I candidly believe the people are waking up to the truth, for, unless I greatly mistake the spirit of this day, what the people now most earnestly demand is, not that mere good intentions, but that a superior intelligence, coupled with superior virtue, should guide our affairs; not that merely an honest and a popular man, but that a statesman be put at the head of our Government. In selecting candidates for office, politicians are accustomed to discuss the question of availability. What does availability mean in our case? Let us look for the best men we have, and from the very best let us select the strongest. The people earnestly desire a thorough reform of our Government. They want not only a change, but a change for the better. They want also, therefore, to be assured that it will be for the better, and that the best candidate is likely to be the most available. If we present men to the suffrages of the people whose character and names appeal to the loftiest instincts and aspirations of the patriot-citizen, we shall have on our side that which ought to be and now I trust will be the ruling arbiter of political contests, the conscience of the Nation. If that be done, success will be certain. Then we can appeal to the minds and hearts, to the loftiest ambition of the people, with these arguments and entreaties which spring only from a clear conviction of right. Then we shall not appeal in vain for their support to those of our fellow-citizens who hitherto were separated from us by party divisions, who desire honestly to work for the best interests of the country in this crisis, and whom we shall welcome with fraternal greeting in this struggle for a great cause, whether they call themselves Democrats or Republicans. Then we shall successfully overcome those prejudices which now confront us, and the insidious accusation, that this great Convention is a mere gathering of disappointed and greedy politicians, will fall harmless at our feet, for we shall have demonstrated by our action that we were guided by the purest and most patriotic of motives. And this can be done.

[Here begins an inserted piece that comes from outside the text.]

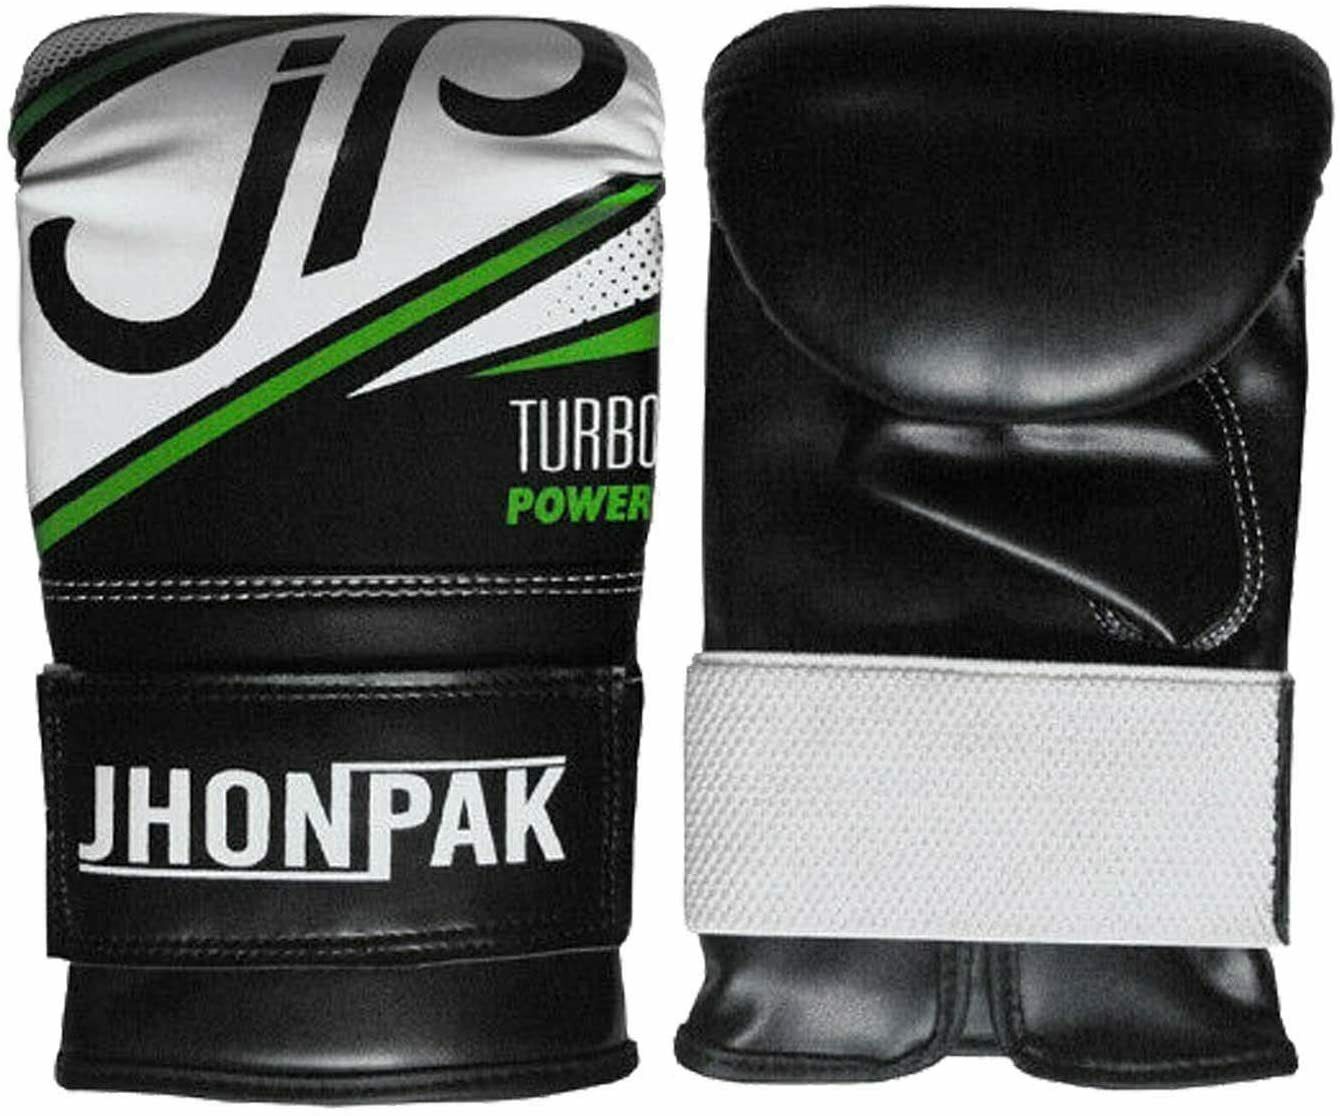 JP Heavy Punch Bag Unfilled Boxing Set Gloves

Let us despise as unworthy of our cause the tricky manipulations by which, to the detriment of the Republic, political bodies have so frequently been controlled. Let us, in the face of the great things to be accomplished, rise above all petty considerations. Personal friendship and State pride are noble sentiments; but what is personal friendship, what is State pride, compared with the great duty we owe to our common country, and the awful responsibility resting upon our action as sensible men? We know that not every one of us can be gratified by the choice of his favorite; many of us will have to be disappointed; but in this solemn hour our hearts should know but one favorite, and that is the American Republic.

Pardon me for these words of warning and entreaty. I trust nobody will consider them misplaced. I fervently hope the result of our deliberations will show that they were not spoken in vain. I know that they have sprung from the most anxious desire to do what is best for our country, and thus I appeal to you with all the fervor of anxious earnestness. We stand on the threshold of a great victory, and victory will surely be ours if we truly deserve it.

  1. Speech on taking the chair as permanent president of the Liberal-Republican Convention, Cincinnati, May 2, 1872.